Big Data Neuroscience 2020 Workshop: Organized by the Advanced Computational Neuroscience Network (ACNN)

Big Data Neuroscience Workshop 2020: Organized by the Advanced Computational Neuroscience Network (ACNN)

Recording of the 2020 Workshop

September 4, 2020


Date/Time: Friday, Sept 4, 2020, 1-5 PM US Eastern Time (GMT-4)
Registration (free): Registration Webform
Submit Title/Abstract: Enter your meta-data in this GSheet if you like to present a short 2-3-min rapid-fire (lightning) talk in one of 2 sessions. Students, trainees, fellows and junior investigators are strongly encouraged to apply for a lightning talk by submitting all the required meta-data.
URL to join the symposium: A ZOOM URL will be provided with your registration.


The Advanced Computational Neuroscience Network (ACNN) is a transinsitutional collaboration of many US Universities in the Midwest region. ACNN strives to build a broad consensus on the core requirements, infrastructure, and components needed to develop a new generation of sustainable interdisciplinary Big Neuroscience research. ACNN forges new collaborations to establish standards using neuroscience-focused ontologies, incorporate provenance metadata management, aggregate tools, index resources and repositories, and curate and share validated pipeline workflow. Many ACNN partners provide strong support to the creation of a sustainable neuroscience community that can effectively address the challenges of neuroscience Big Data and leverage the unique resources as well as human capital. A particular strength of the ACNN is the existing array of neuroscience datasets, analytical tools, and provenance metadata platforms bringing together common data sharing principles and interoperability platforms for the neuroscience research community.

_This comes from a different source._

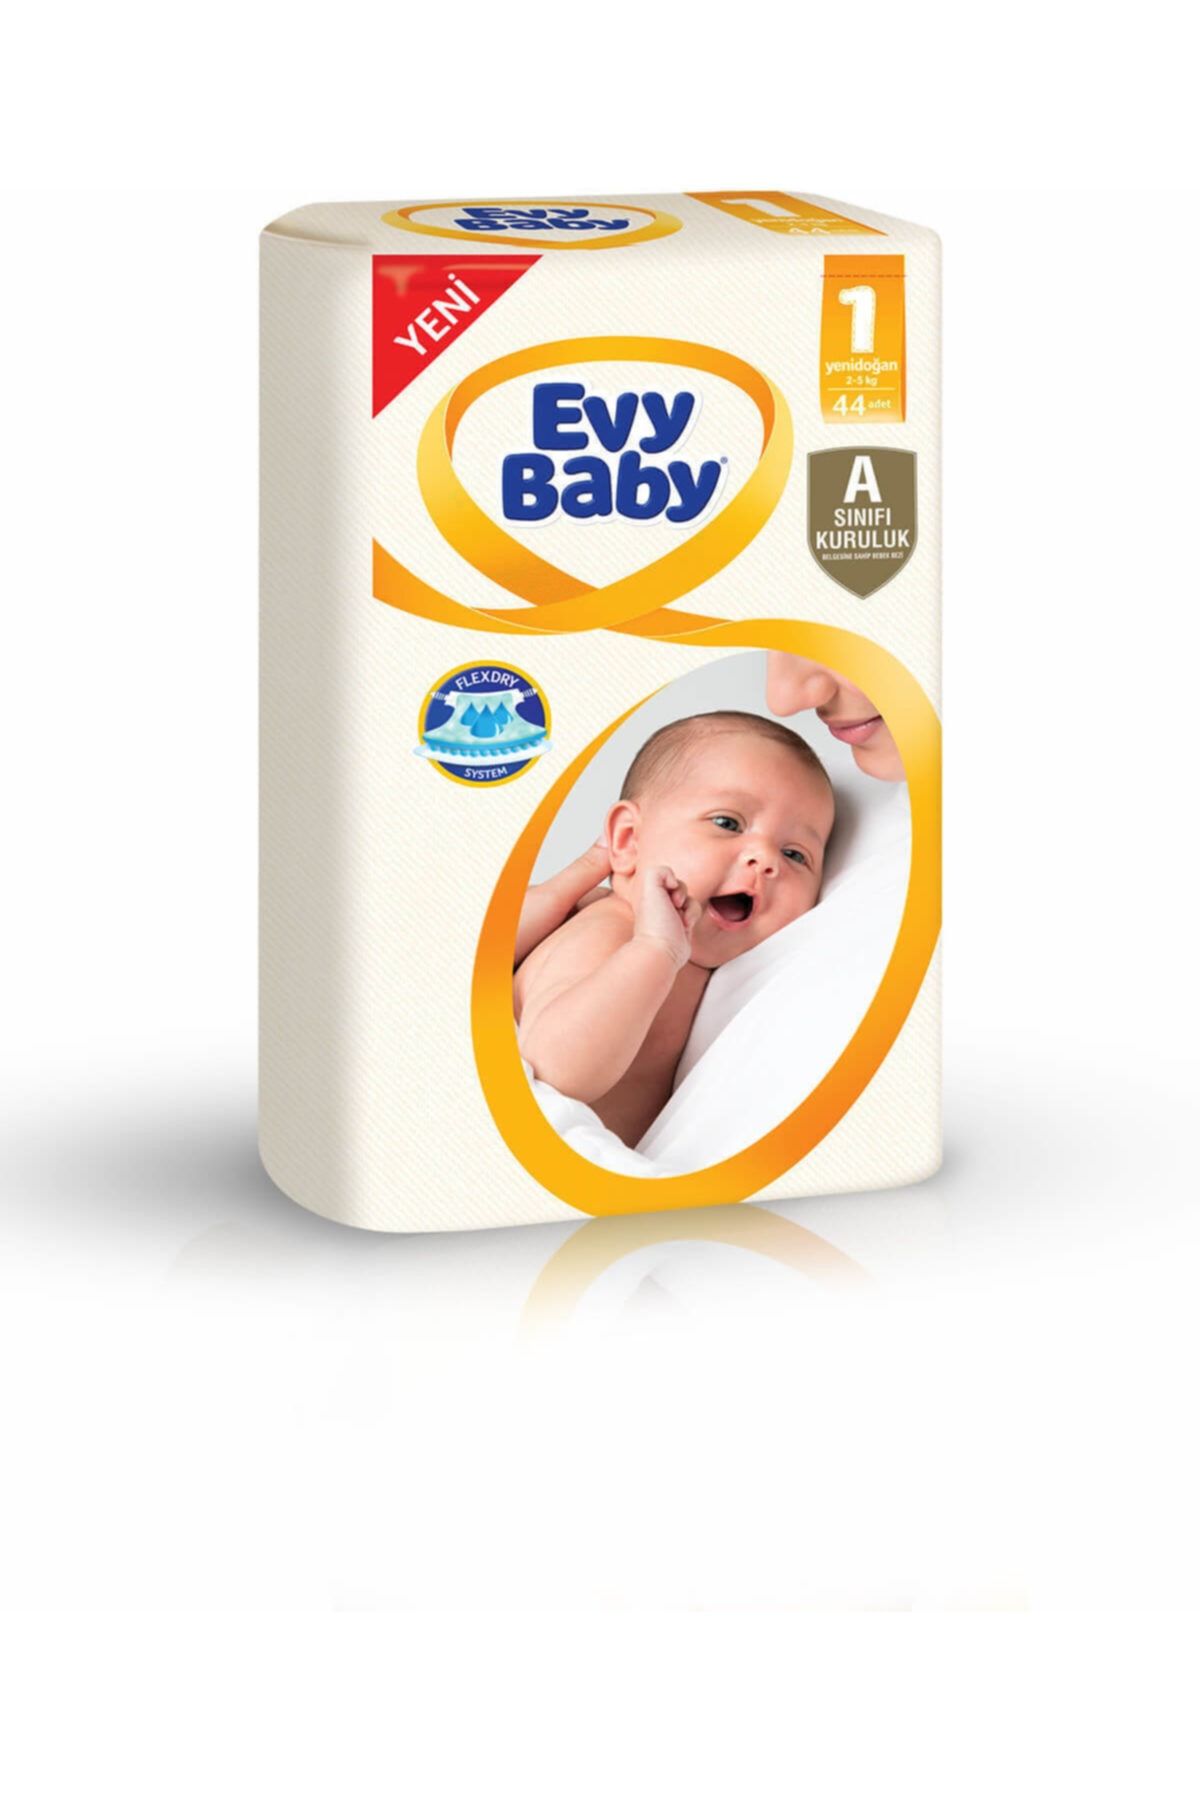 Evy Baby Bebek Bezi Jumbo Yenidoğan 1 Beden 44 Lü

ACNN 2020 (Virtual Symposium): Big Data Neuroscience
The 2020 annual ACNN symposium will take place virtually over ZOOM. This interdisciplinary and trans-institutional workshop will continue to promote the development of common practices and standardization to make it easier for neuroscience researchers to annotate and process data; to share data, tools and protocols, and to work with distributed high-performance computing environments. The symposium will feature keynote presentations from world-renowned speakers, hands-on demonstrations, rapid-fire community presentations, and an open-mic networking discussion. Each year, ACNN brings together members of the Midwest, national, and the global neuroscience research community to promote data reuse, aggregation, result validation and new discoveries in neuroscience.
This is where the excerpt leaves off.